DATA EXCERPTS:
============
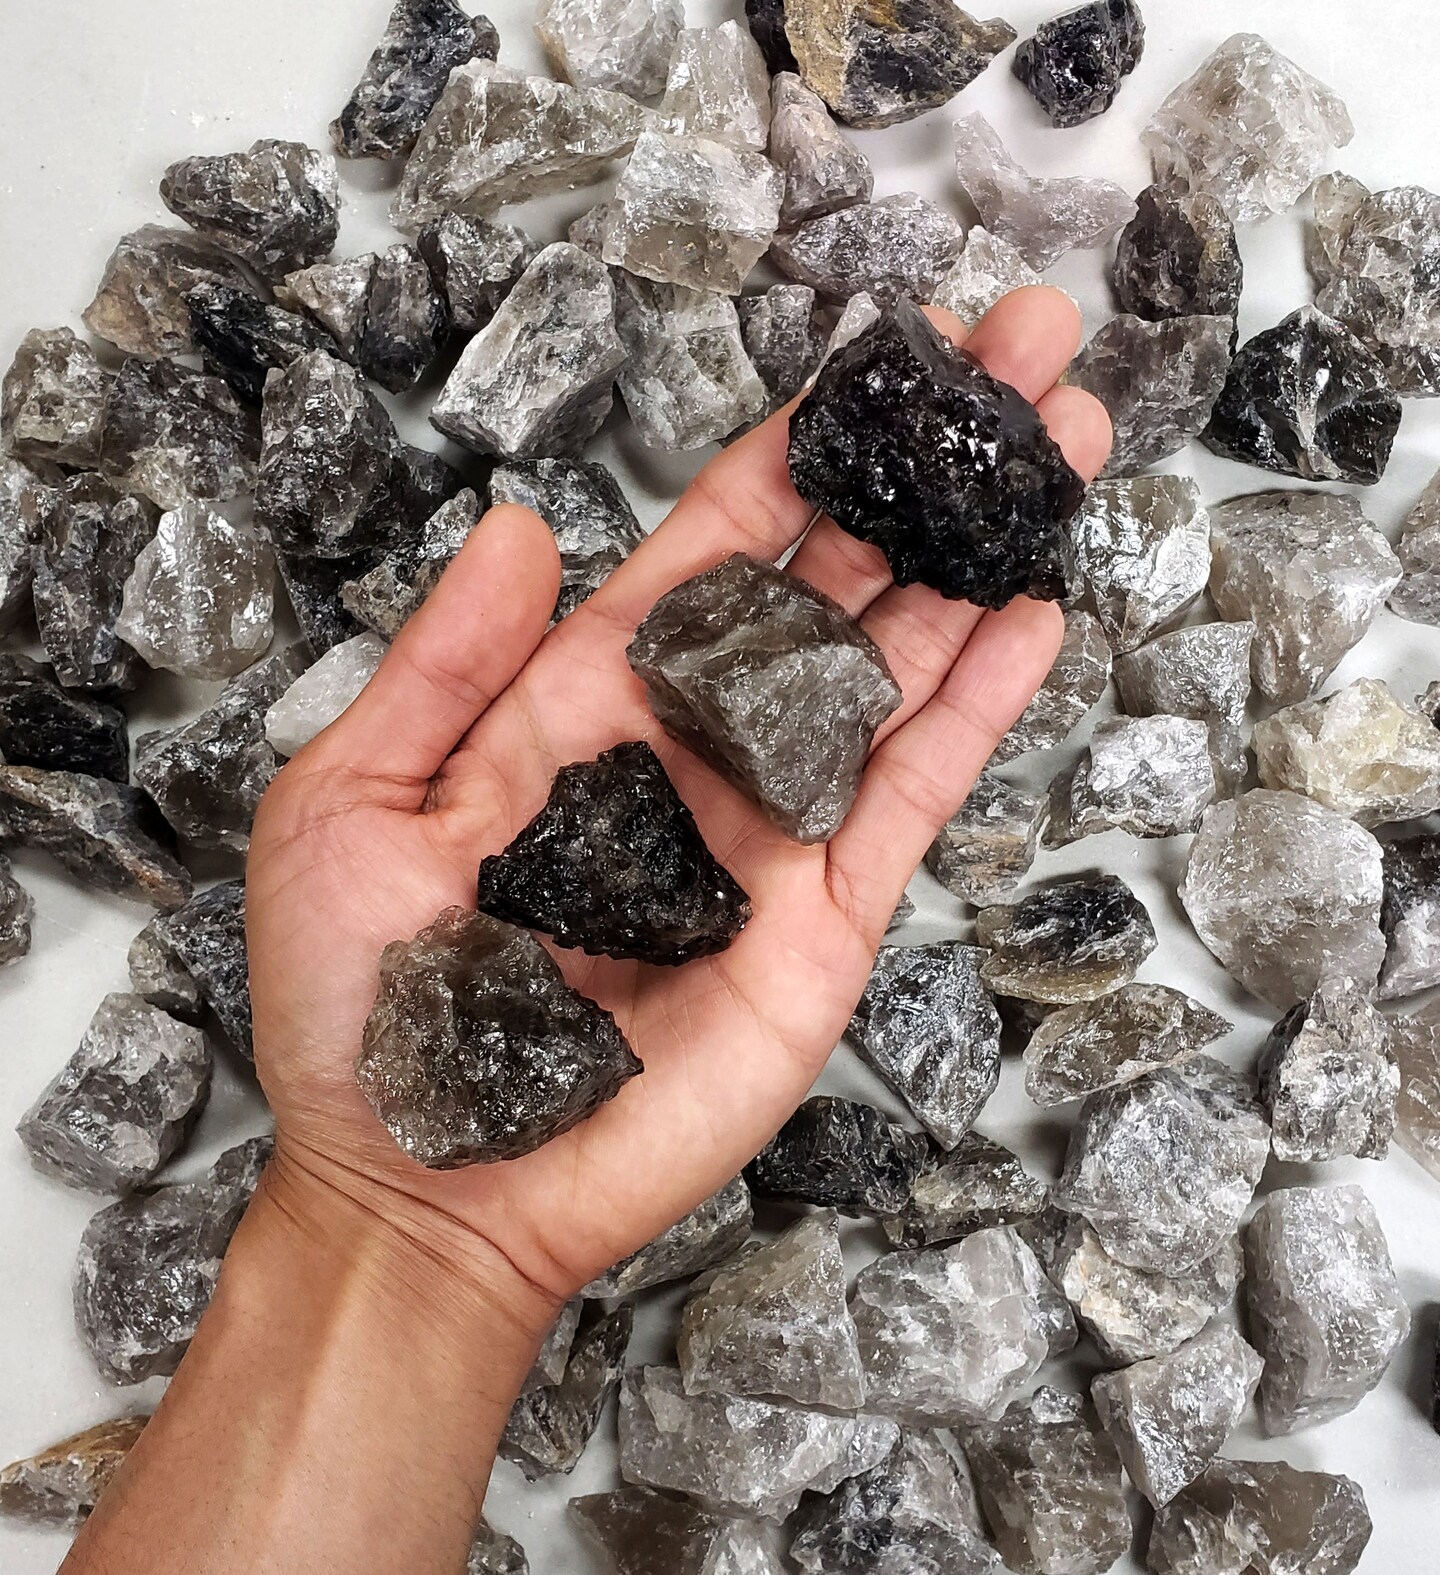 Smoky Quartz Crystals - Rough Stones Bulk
============
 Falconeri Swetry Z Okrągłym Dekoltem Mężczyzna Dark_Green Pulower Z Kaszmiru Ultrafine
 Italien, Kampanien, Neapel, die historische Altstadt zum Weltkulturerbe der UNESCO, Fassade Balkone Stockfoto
============
Look above for the line with "Falconeri Swetry Z" and the line with "Italien, Kampanien, Neapel, die". Retype those two lines and every line between them exactly, adding nothing.

RESULT FOR THIS TASK:
 Falconeri Swetry Z Okrągłym Dekoltem Mężczyzna Dark_Green Pulower Z Kaszmiru Ultrafine
 Italien, Kampanien, Neapel, die historische Altstadt zum Weltkulturerbe der UNESCO, Fassade Balkone Stockfoto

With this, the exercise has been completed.